After a DNA strand is extracted from the sample material it would all seem to be a set of string searches, e.g. FIND('this-string' inside 'that-string'). [Anyone for Google?]

A locus is a string of DNA components at a known location in the entire human DNA string. So the first 'FIND' is to locate the 'locus-string' inside the 'full-human-string'. [Find a subject web page inside the Internet]

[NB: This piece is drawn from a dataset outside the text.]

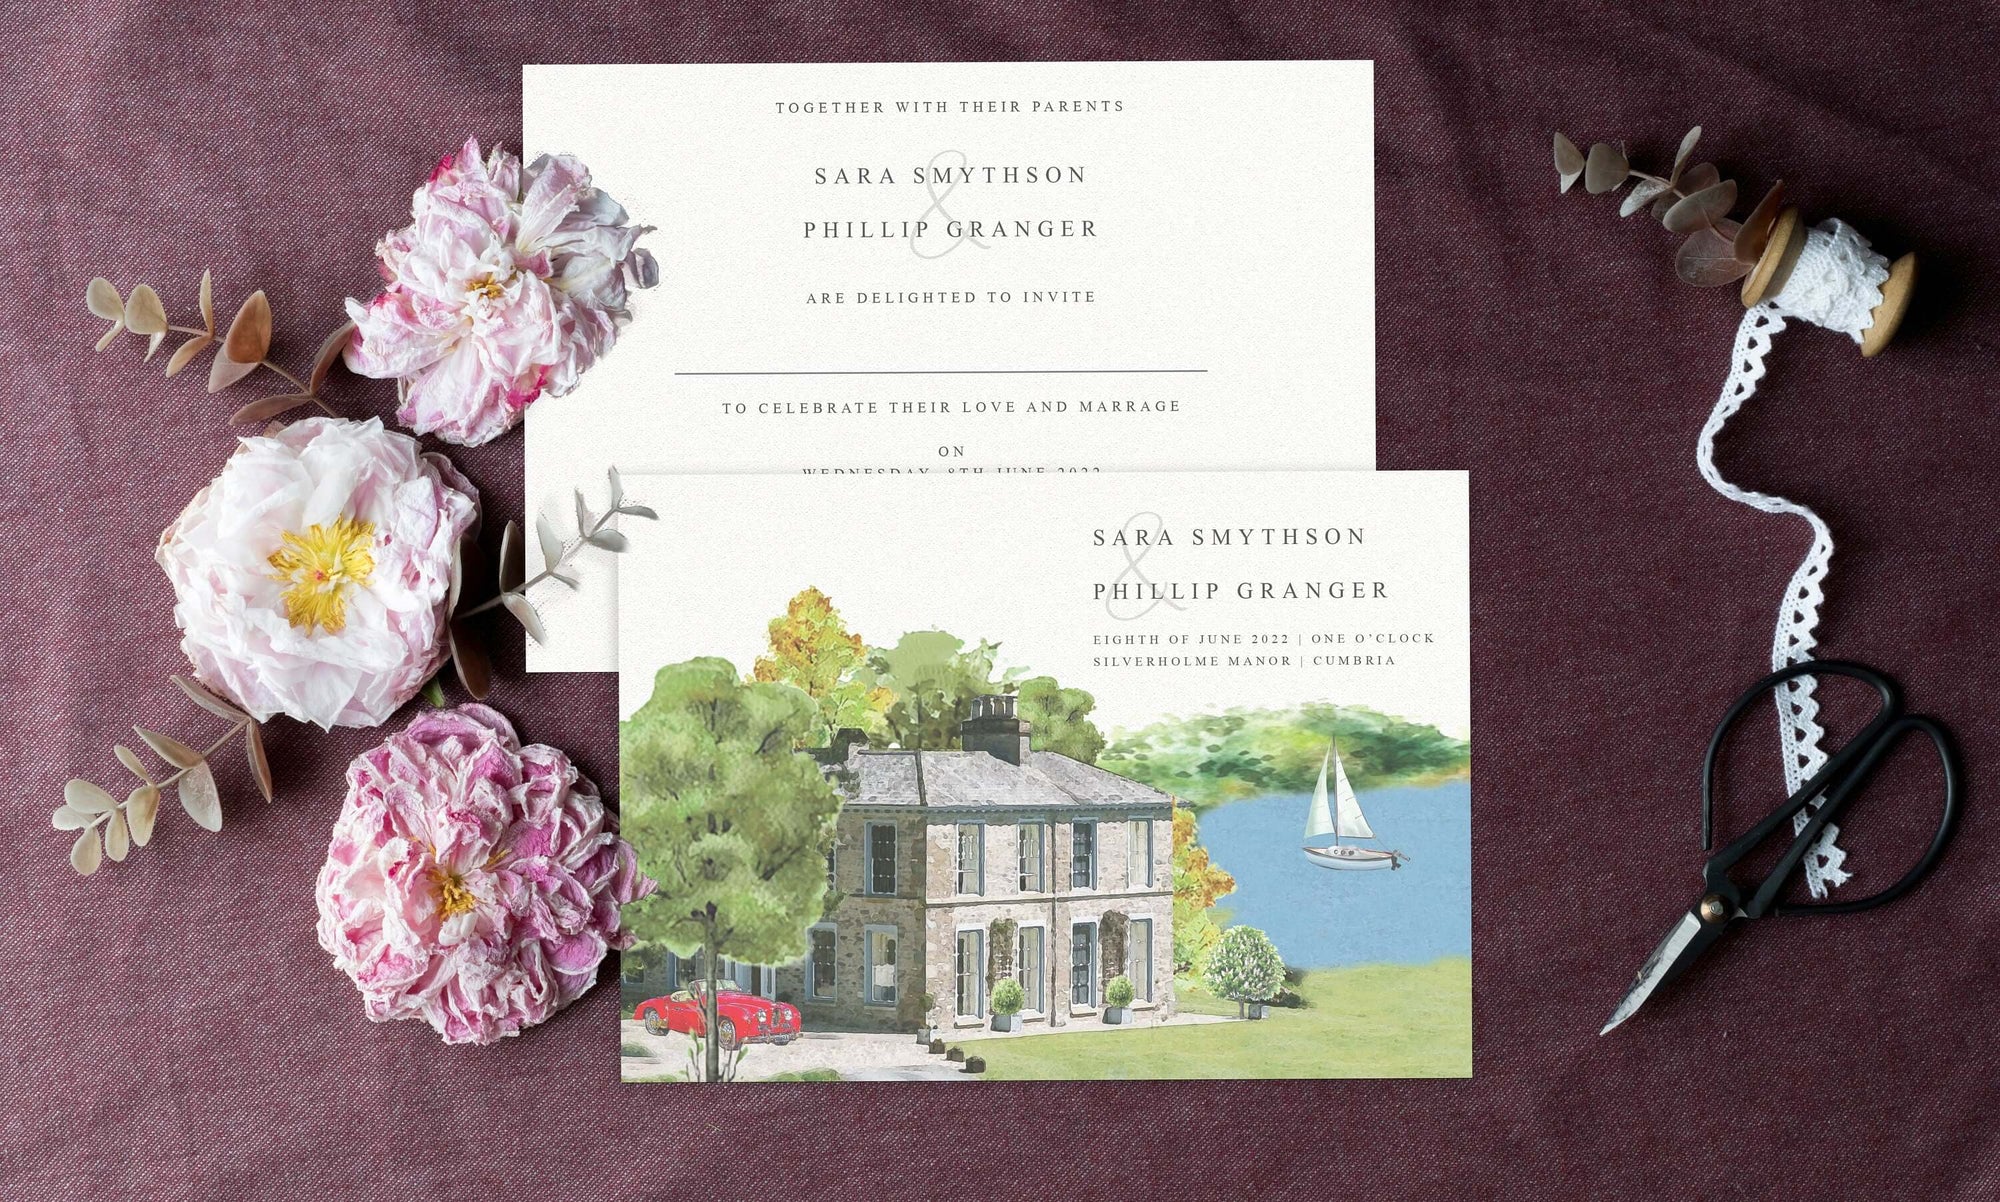 Silverholme Manor wedding invitation from Mustard and Gray

An allele is a specific combination of components that are known to be somewhere between the beginning and the end of a given locus, i.e. the second FIND is actually a FIND-ALL 'allele-string' inside a particular 'locus-string'. [Find the subject words/phrase inside the web page]

In a single human this is expected to return one or two locations so, when three or more are found then there have to be two or more humans involved in the making of the 'locus-string' in the DNA pulled from the original forensic sample. [Multiple word/phrase hits]

In a very simple example, let's say we have a locus 1029384756748392019386273914 (28 numbers long), in which we know an allele with a known combination of '938' occurs.
The DNA 'processing' searches the locus for the '938' combination and finds it - in this example - starting at position 4 and again at position 19 - one allele contributed by the mother and one by the father.

This 4-19 location positioning is not unique to a single person, and may well be repeated in each offspring of the mother and father, but when 10 known alleles are looked for in 10 different loci the combinations of locations, when viewed as a pattern across all 10, are unique, even between ordinary siblings (but not between 'identical twins').

I say 'are unique' because, like fingerprints, I understand that researchers have not yet found two people with an identical set of location combinations except in identical twins, but even these have other variations that make them unique and separately identifiable.

Re: 'helix', 'ACGT', etc., I don't particularly care which pieces bond to which other pieces nor what labels are attached to what pieces by the genetic scientists, other than to differentiate between the three types of string.
All that stuff is in the literature and one doesn't need to know those things to understand that they are simply looking for small strings of characters inside bigger strings of characters, and writing down/displaying the starting positions of where they are found in the bigger strings. [just like using a more-refined kind of Google.

In a nutshell (as I understand it):
- The full pattern of 'allele' string locations across ten or more 'locus' strings is unique.
- In a known individual that pattern of locations is called a DNA 'profile'.
- When obtained from an unknown sample it is called a 'result'.
- An investigation wants to know if the 'result' matches the 'profile'.
- If the 'result' indicates more than one possible 'profile' then the FSS throws up its hands in horror and runs away.